# cheap land-owner financed



## Yknot (Jan 1, 2012)

Has anyone ever done business with this company? 

http://store.onlinelandsales.com/Financed_s/1862.htm


----------



## sandc (Apr 26, 2010)

I have not, but I do know that they are listing land in the same subdivisions as www.classiccountryland.com from my own looking. I know I have seen classic around for a while and am pretty sure that they developed antler ridge so maybe a call to them might net you some info. I have called and asked them a lot of questions over the last couple of years and they seem pretty nice.

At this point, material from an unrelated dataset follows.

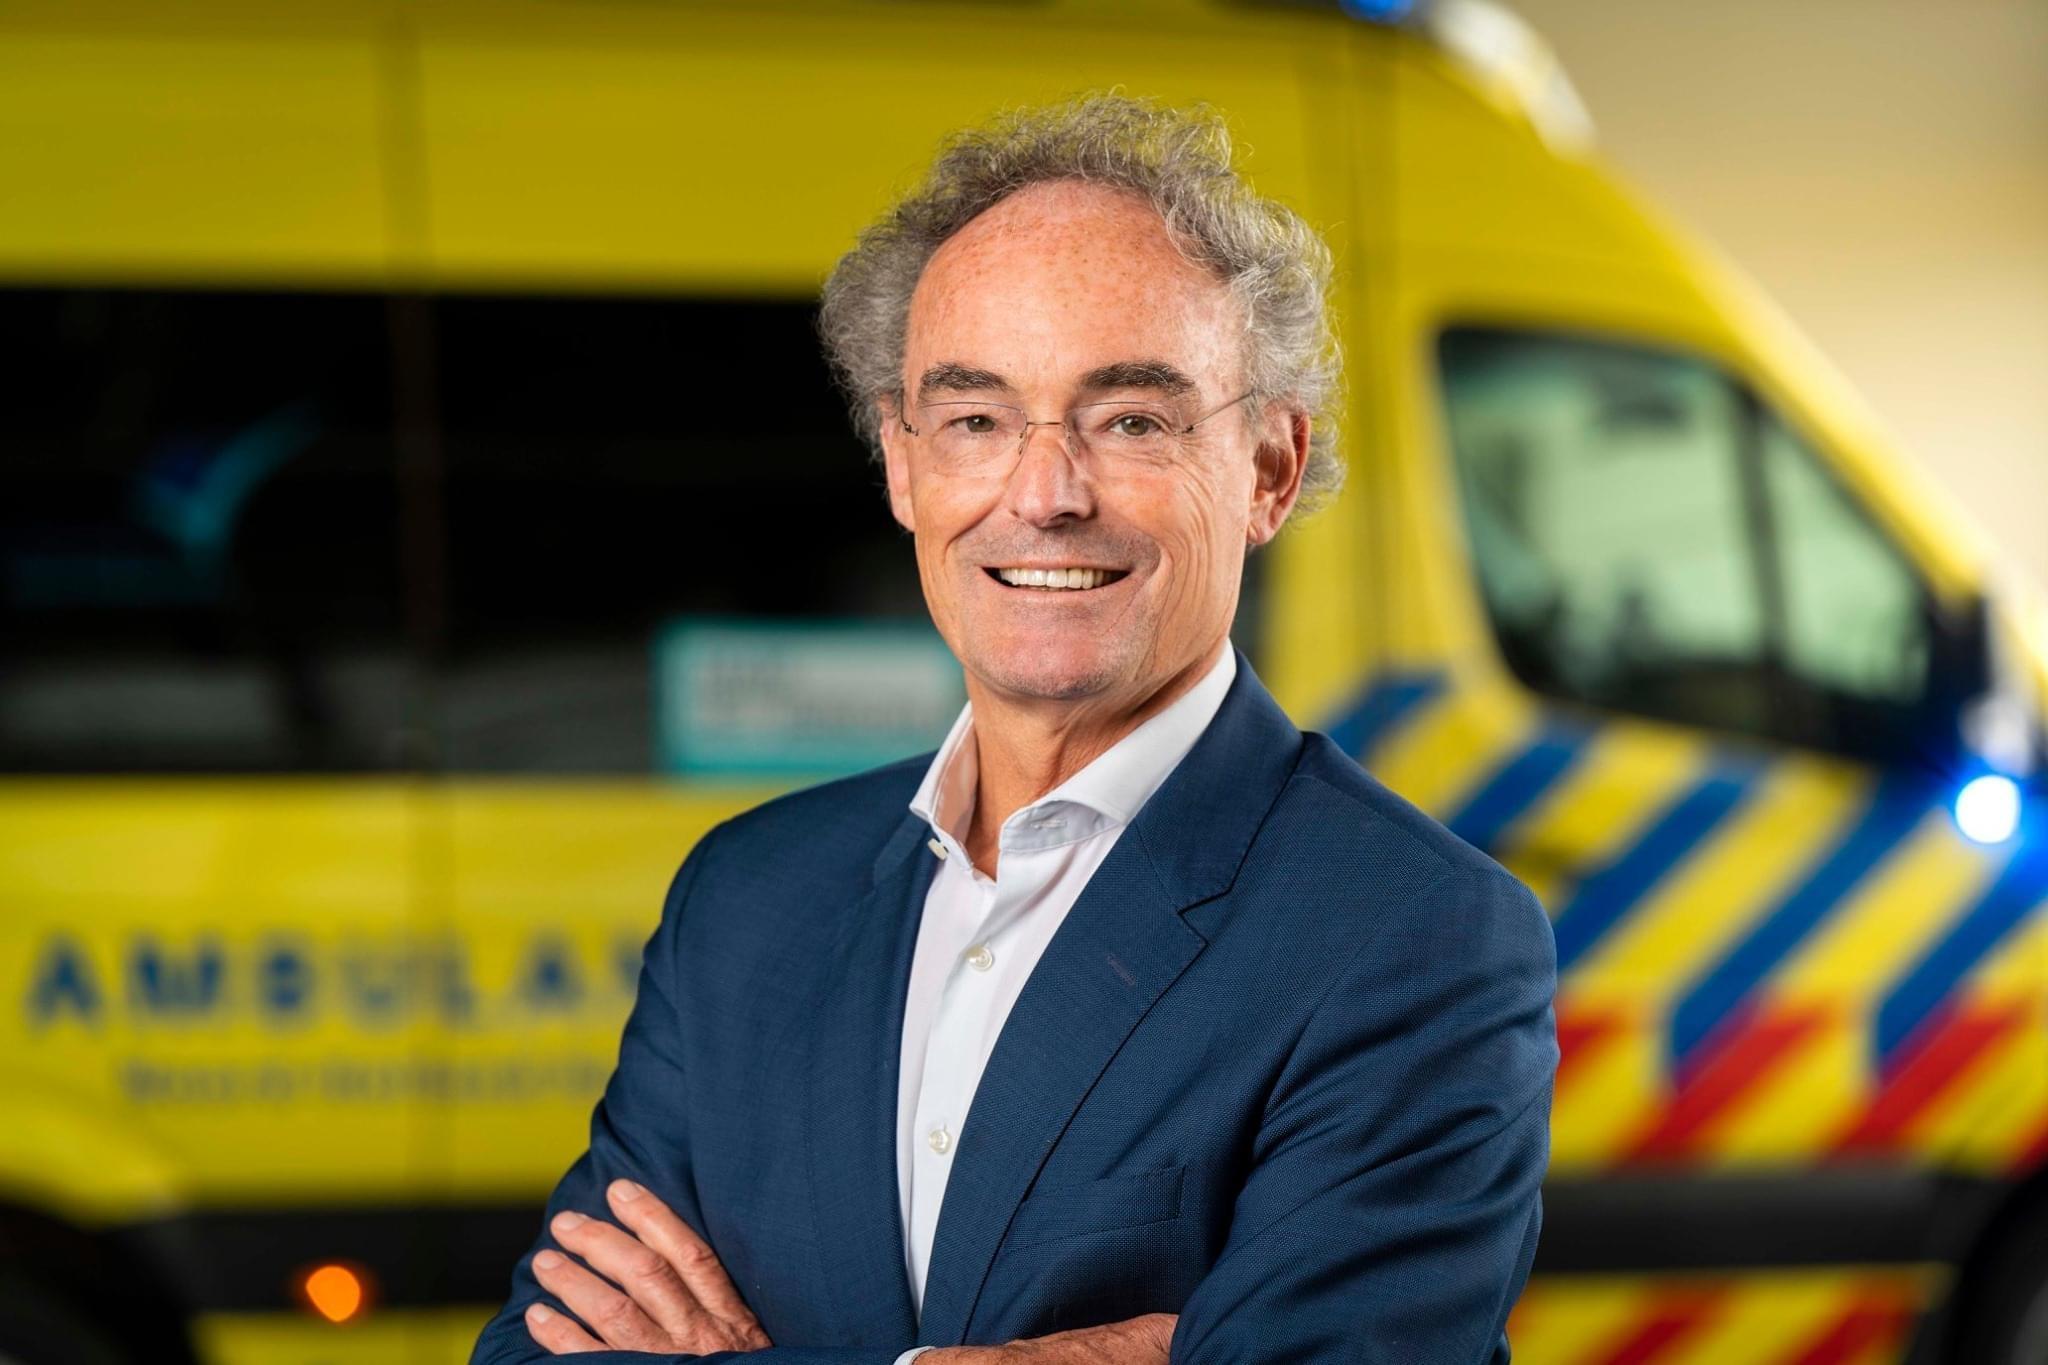 Directeur Martin Smeekes van Veiligheidsregio Noord-Holland Noord: 'Coronacrisis is radicaal anders dan andere rampen, we moeten op zoek naar nieuwe balans'

Seeing them list land that I have previously seen listed elsewhere would really make me want to research them out a bit.


----------



## Yknot (Jan 1, 2012)

Yes, I saw that also. I can not find any info about them. The covenants on the Tennessee property are not good for me and the terms on some other property seem too good to be true. I will keep searching for info. Thank you.


----------



## BarbadosSheep (Jun 27, 2011)

Be really careful of those kind of places and read the contract really well. Most of them have terms that allow them to repo the land VERY fast, much faster than a conventional loan. In some cases, they can begin repo proceedings as soon as you are 30 days late. My SIL had land with one of those kind of places. When they repo, they get to keep all improvements.


----------



## Yknot (Jan 1, 2012)

Yes, that is true. I am more concerned with the possibility of paying off the loan and finding out they borrowed money from a bank using "my" land as collateral and having paid my note but can't get the deed because of a mortgage to a non paid lender. I might have to trust them for 30 years not to borrow against the land they sold me and there is not much info available on them.


----------



## tncreeker (Dec 23, 2011)

My story is a long one,,,but get a lawyer is my best advise. No closing cost means there is no title check, no lawyer. I found out 2 years after I bought (owner financed) my land that there was still a lein on in. It was eventually paid off,,but I never knew about it. I cant list with a realtor, etc. etc. Because I do not own it,,its just a sales contract. Be informed and ask the questions that I didnt. It was just so EASY,,,felt lucky to have found it and did not do my homework.


----------